In recent anamnesis, in the days immediately preceding the dive, the person had had to face a very important interpersonal conflict, a choice between a constraint on activity and the risk of bandonment.

Treatment lasted 15 sessions, and was carried out with individual cognitive-behavioural psychotherapy. After the assessment phase we proceeded with the identification of disturbing recollections and their desensitisation, through the EMDR protocol (16), an activity which took up about half of the sessions. In particular, three different recollections of images were desensitised, non-elaborated recollections of as many frightening moments of the event, which had been connected to the psycho-physical response of anxiety. These images were still vividly present at the beginning of the treatment, as a sensorial remembrance.

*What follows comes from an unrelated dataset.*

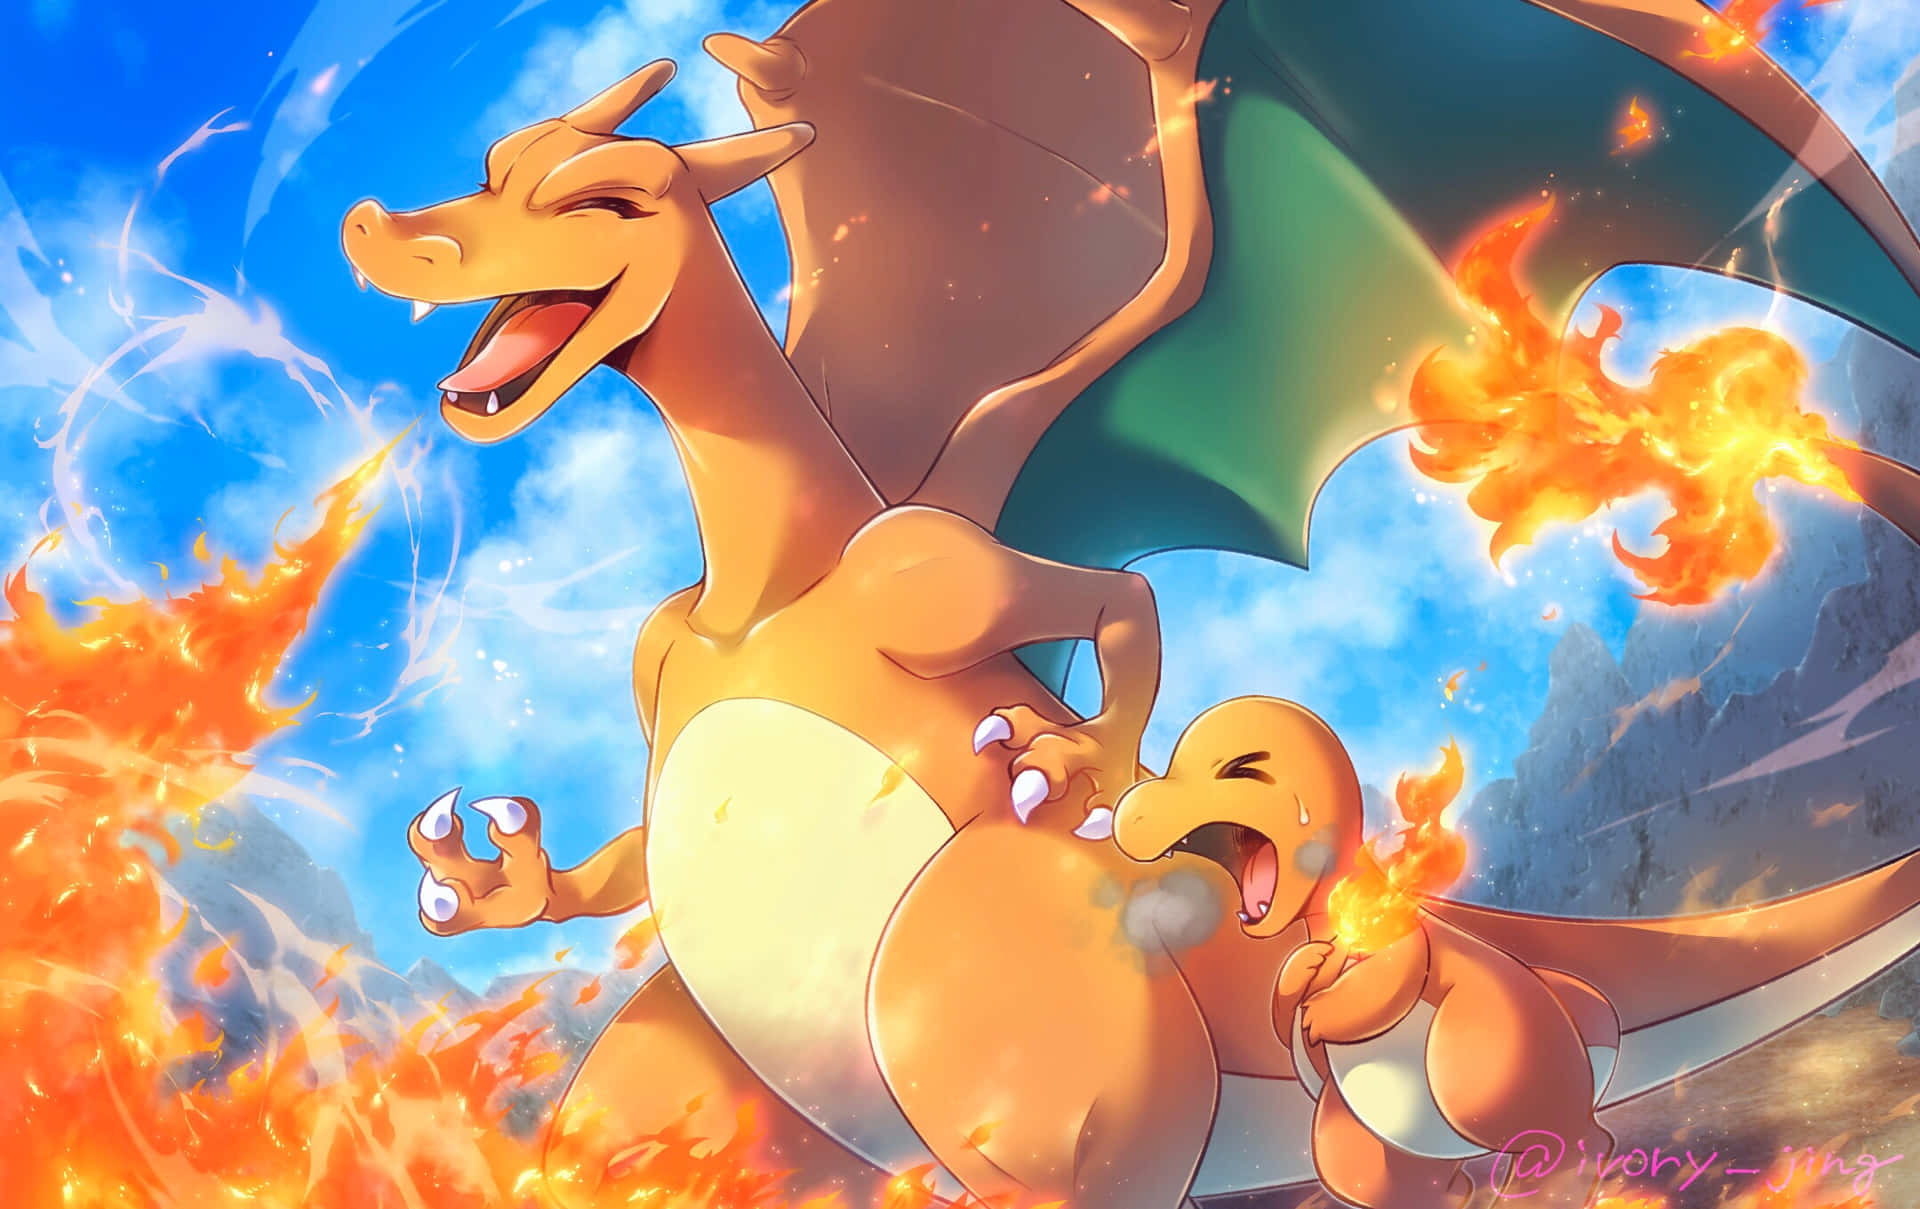 "Don't be fooled by its cute look - Cute Charmander is the perfect pocket monster!" Wallpaper
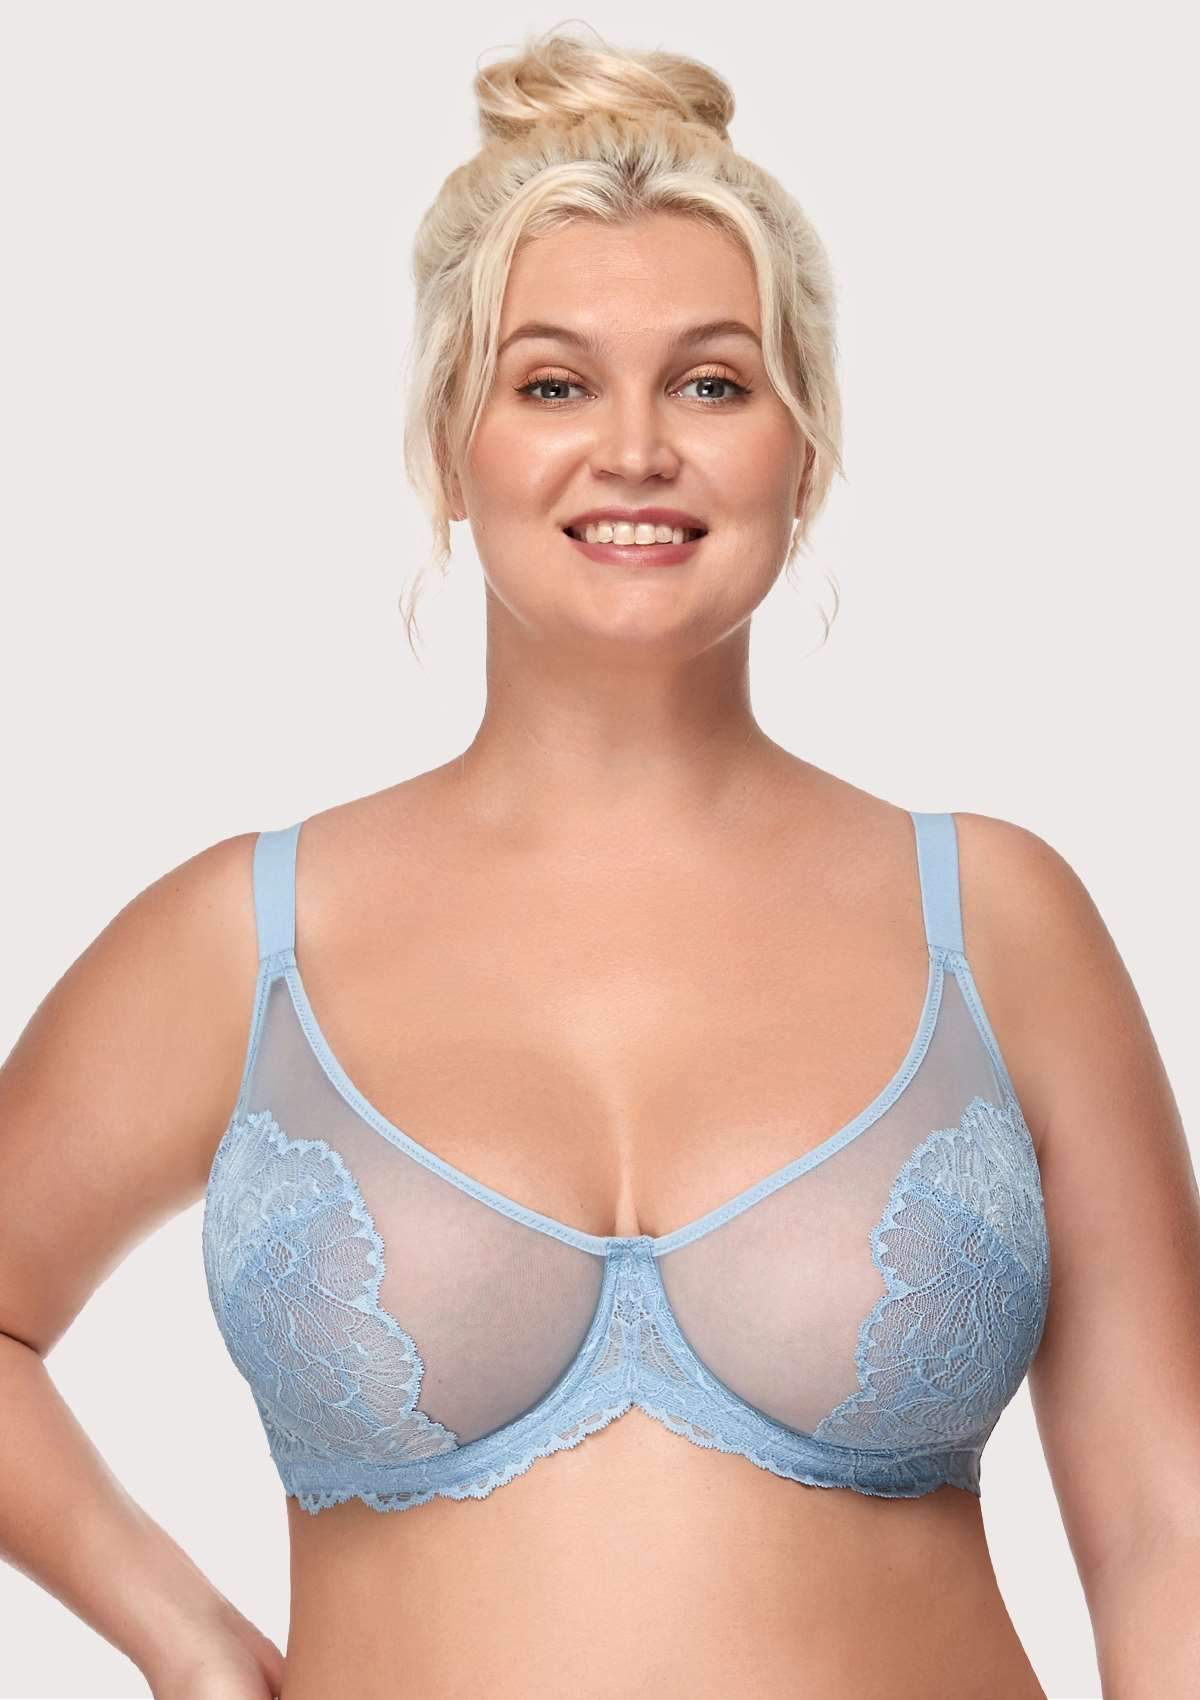 HSIA Blossom Full Coverage Supportive Unlined Underwire Bra Set - Storm Blue / 34 / C

Other aspects of psychotherapeutic intervention involved a change in the coping style, supporting the person in facilitating the learning of more adequate tackling strategies, particularly the change from a prevention strategy to one for managing the state of anxiety once it is present. Finally, two sessions were dedicated to psycho-educational activities, to recognising physiological responses to effort and fear and recognising the relative emotional connotations.

Half-way through treatment the person was experiencing a ignificant drop in sleep-related problems until their complete disappearance. At the end of the treatment, the signs of depression relative to social withdrawal and “putting one’s self to the test” had gone.

The man reported a social form of behaviour and a great propensity for his interests and the avoidance relative to diving had disappeared, firstly with a progressive approach by the patient to people connected with diving, then by going on three dives, carried out before the end of treatment. A progressive decrease in the dosage of the drugs given by the psychiatrist was also possible, leading to its almost complete elimination.


The value of involving a discipline like psychology in the prevention of risk and the management of psychological stress connected to diving experiences is now widely considered apparent.

The use of tools and methods specific to the psychological profession proves useful in helping divers handle unpleasant moments and avoiding consequences which affect quality of life and well-being. Furthermore, those that have been exposed to situations that were dangerous to themselves or others, such as a serious accident underwater, can suffer biological as well as psychological consequences. But besides objective traumas, there can be strongly emotional experiences with no apparent consequences, as they do not translate into events from a medical point of view. However, these experiences, which are not usually shared by divers, can concur in generating situations of unease, which, if not individuated, can last for long causing useless damage to quality and style of life.